Artifact 4 — Metric snapshot (system-level behavior)

10:10–10:20 UTC
- tool_gw.http_5xx_rate: 0.2% (baseline 0.2%)
- tool_gw.p95_latency_ms: 910 (baseline 880)
- submitter.submit_tool_outputs.success: 99.8% (baseline 99.9%)
- submitter.dedup.miss_rate: 7.4% (baseline 1.1%)
- llm_serve.replica_restarts: 6 (baseline 0–1)

Observed Signals

  • Duplicate downstream records (tickets/emails) share near-identical payloads and occur within seconds of each other for the same conversation.
  • The orchestrator’s run history for affected conversations shows a single logical tool step, while external systems show two successful creates.
  • A short-lived spike in LLM serving replica restarts overlaps with the time window of duplicate side effects.
  • The tool gateway does not show elevated error rates, but the submission handler’s dedup “MISS” rate increases during the incident window.
  • Some affected runs show repeated requires_action polling results for the same step_id and tool call list, with no obvious user re-submission.
  • A subset of tool invocations show a timeout warning in the orchestrator logs, followed by a second invocation with the same arguments shortly after.

Constraints

  • Customer impact is high: duplicate side effects (emails/tickets/refunds) require manual cleanup and can violate support SLAs.
  • Privacy constraints: full tool payloads and message content are not consistently logged; investigation relies on hashes, IDs, and metadata.
  • The system must maintain throughput; adding heavy synchronous locking in the hot path is discouraged.
  • The coordinator and submission handler are horizontally scaled; any fix must work correctly under concurrency and partial failures.
  • Changes should be deployable with minimal downtime; the team prefers incremental mitigations over a full redesign.

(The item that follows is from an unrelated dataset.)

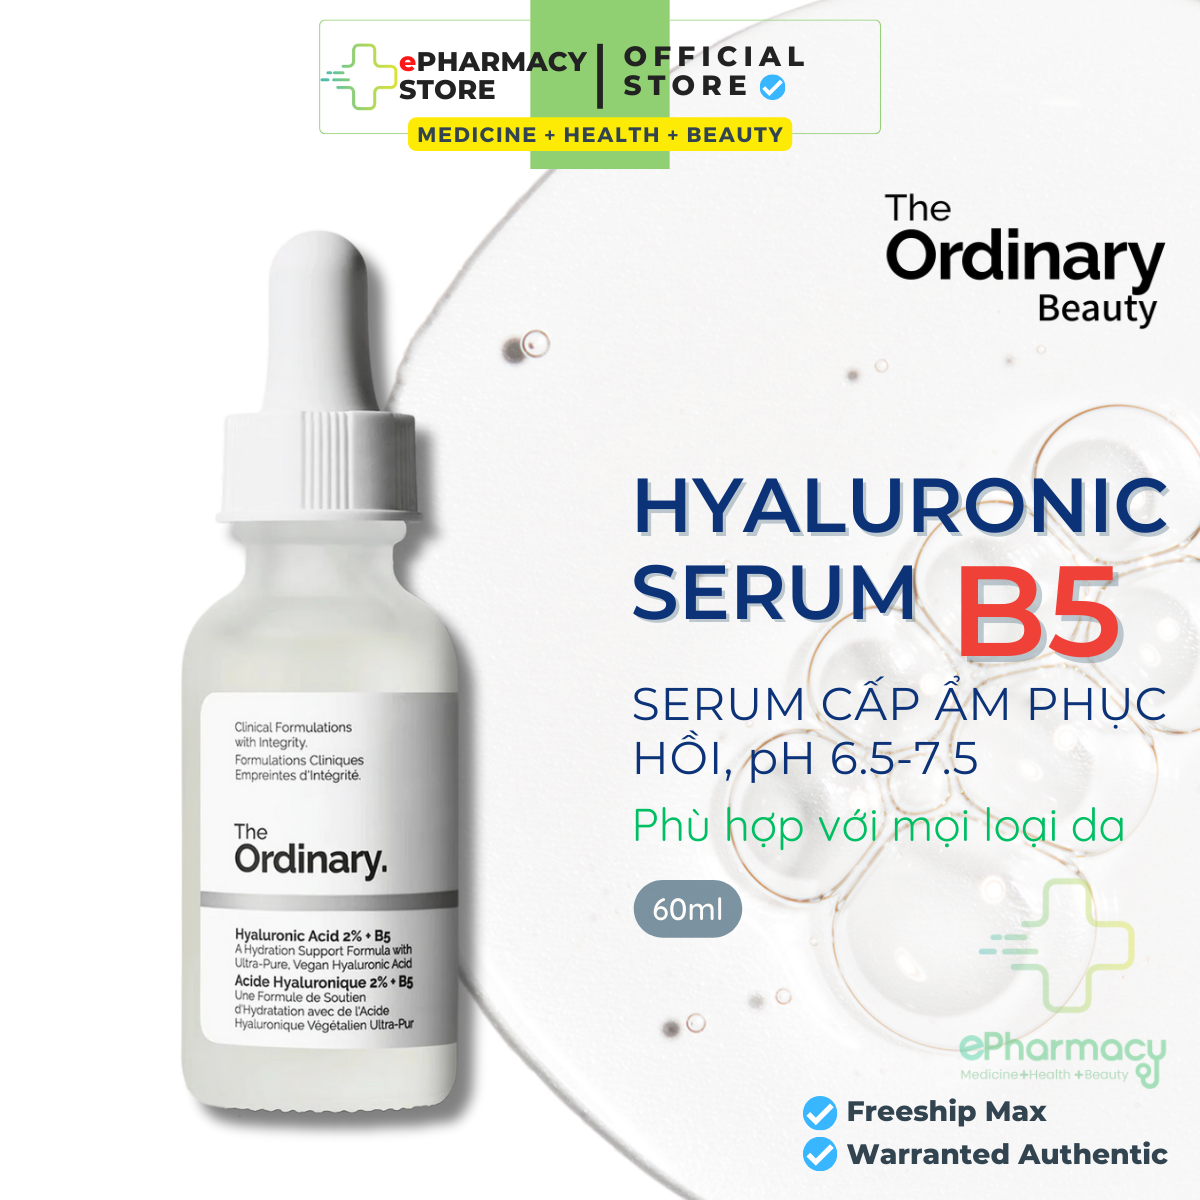 HYALURONIC ACID 2% + B5 THE ORDINARY SERUM - Tinh chất The Ordinary B5 cấp ẩm và phục hồi da 60ML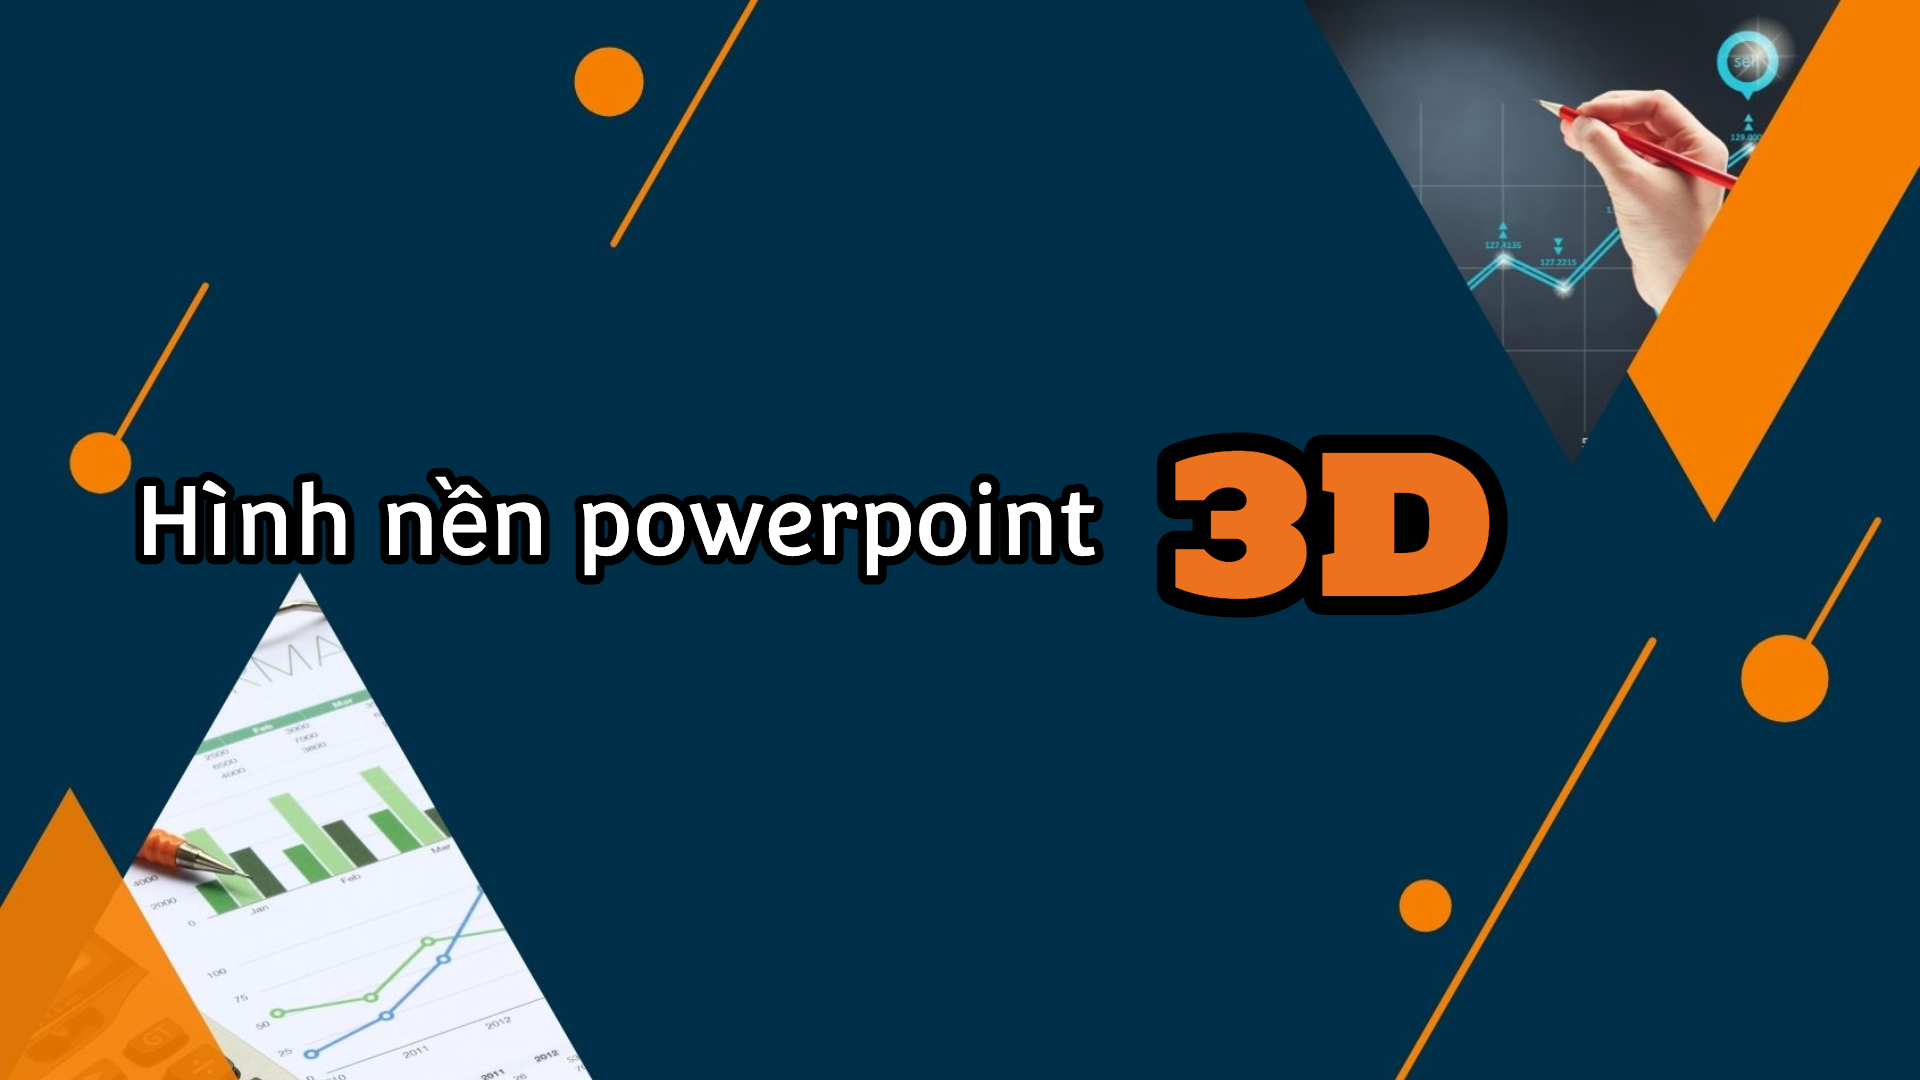 111 Hình nền powerpoint 3D đơn giản, đẹp nhất 2023.

Your Role & What Happens Next

You’re stepping in as an engineer responsible for the reliability of the Assistant Thread/Run Coordinator and the Tool Output Submission Handler, with a focus on correctness around requires_action and tool-output submission.

In the evaluation, you’ll be asked to reason through the run/tool lifecycle, interpret the provided artifacts, identify what additional telemetry you’d want, and propose pragmatic changes (code, configuration, and/or operational safeguards) that reduce the chance of duplicate side effects while keeping the system performant and maintainable.